4. Attention drift: Human attention is not fixed, and we can change the target of attention at any time according to our needs. The attention mechanism also has a similar ability, which can change the distribution of attention according to the importance of the input at any time, so as to dynamically focus on the most relevant input at present. This dynamic attention allocation makes the model more flexible and powerful.

Therefore, the attention mechanism is similar to some characteristics of human attention, such as the ability to focus, filter, context awareness and attention drift, which enables the attention mechanism to selectively focus on certain parts of the input sequence and filter less relevant information. , and the ability to adjust the attention distribution according to the context, resulting in more accurate output results. These features are learned by the neural network and then simulated.

Application of Attention in Deep Learning

Application of Attention to Images and Text

The above is to use the attention mechanism to identify key information, and all white areas are to generate text for the following image recognition:

An LSTM network with attention mechanism for text computation:

Since nature and humans have attention mechanisms, how to calculate attention in deep learning is how to judge which content in pictures and texts needs more attention.

Image Attention Calculation

In image processing, the main principle of the attention mechanism is to judge the correlation between the current input and each historical element (pixel here) in the input sequence, and assign weights to each pixel according to the correlation. These weights determine the Which pixels need special attention and focus, and which need to be filtered.

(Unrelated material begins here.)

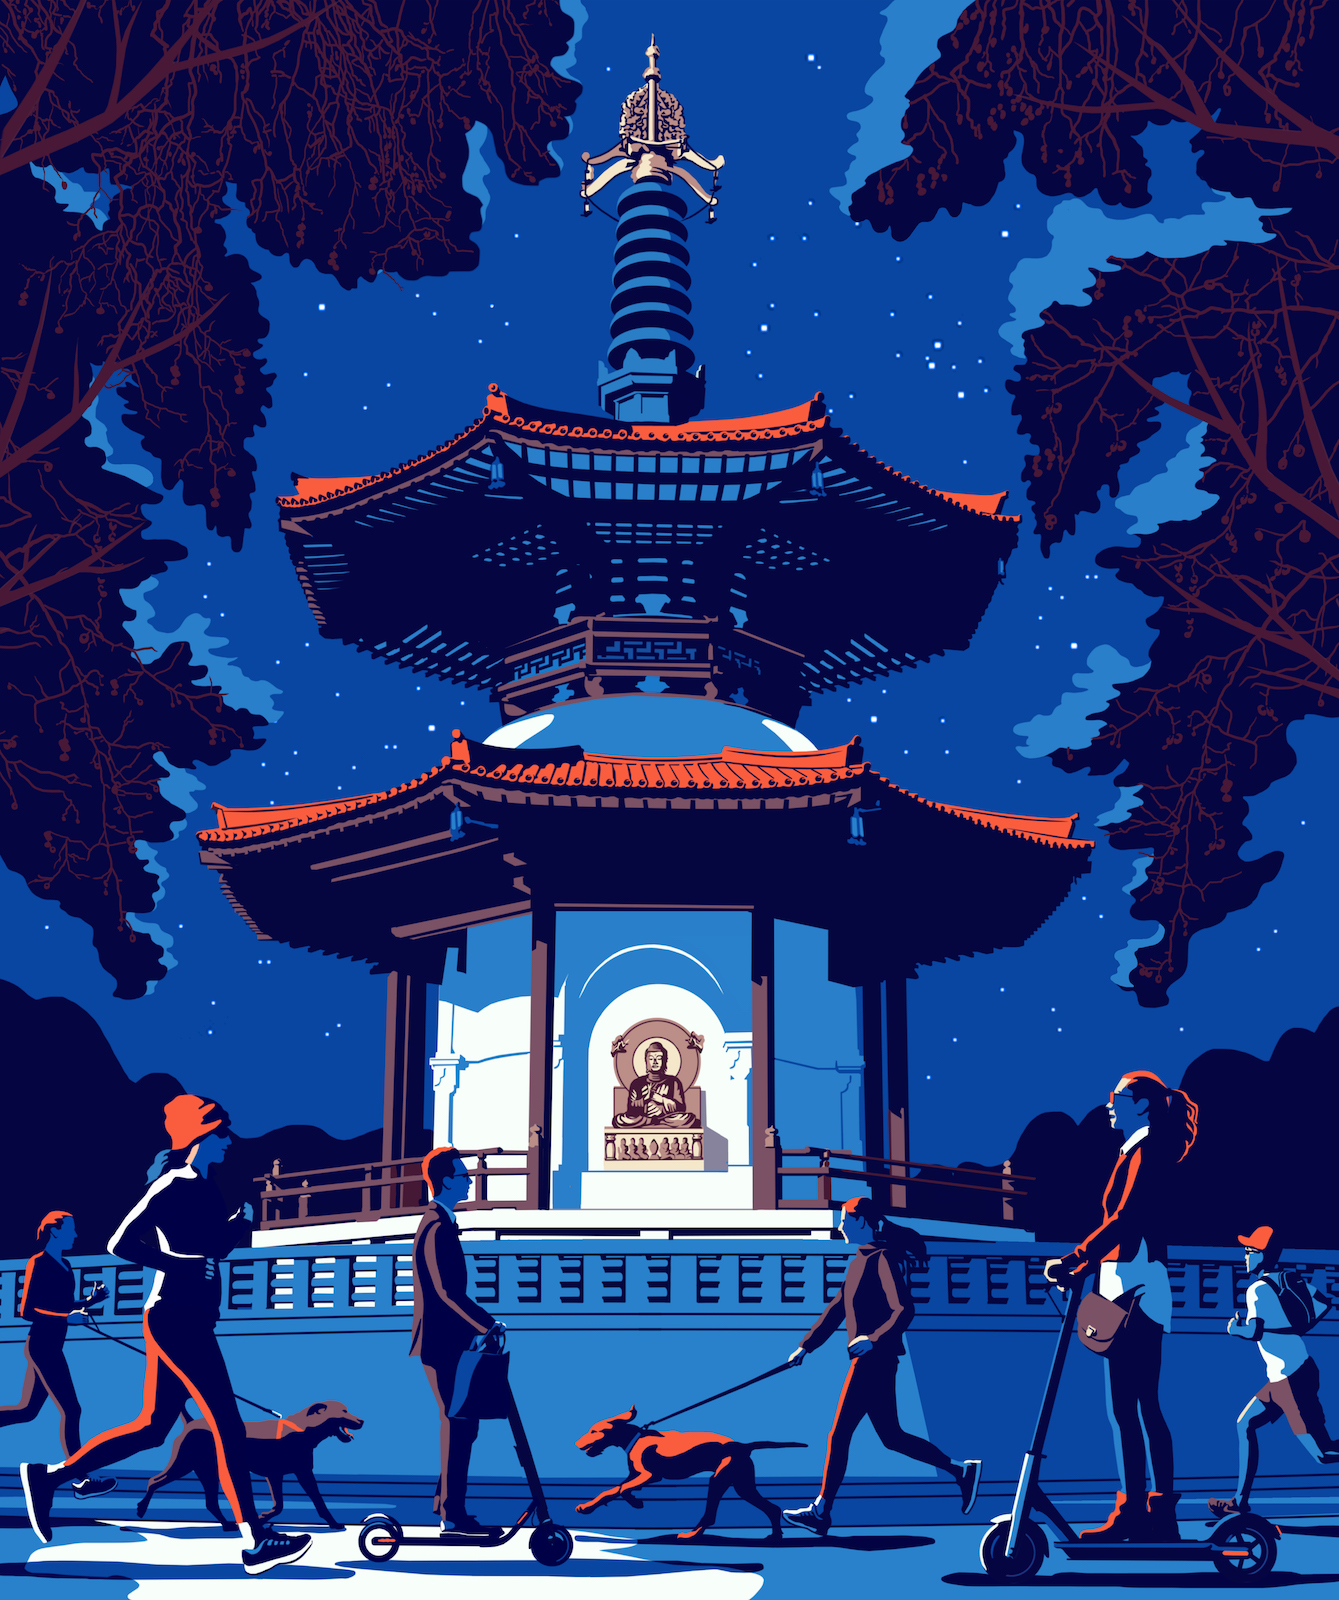 Bill Butcher / London Pagoda / The Art Movement

Specifically, the attention mechanism calculates the similarity or correlation between the current input feature and each historical pixel. Pixels with higher similarity are given greater weight, indicating that they are more important to the current input feature and require more attention. Pay more attention; pixels with lower similarity are given smaller weights, indicating that they have less influence and can be filtered.

Then, in the picture, the attention mechanism mainly judges the correlation between two inputs through the following methods:

1. Spatial attention: Calculate the relative positional relationship of two pixels in space, the closer the pixel is, the higher the correlation and the greater the weight. This attention can capture spatial structure information.

2. Channel attention: If two pixels are closer in value on the RGB channel, it is considered that the correlation is higher and the weight is greater. This can learn dependencies between channels.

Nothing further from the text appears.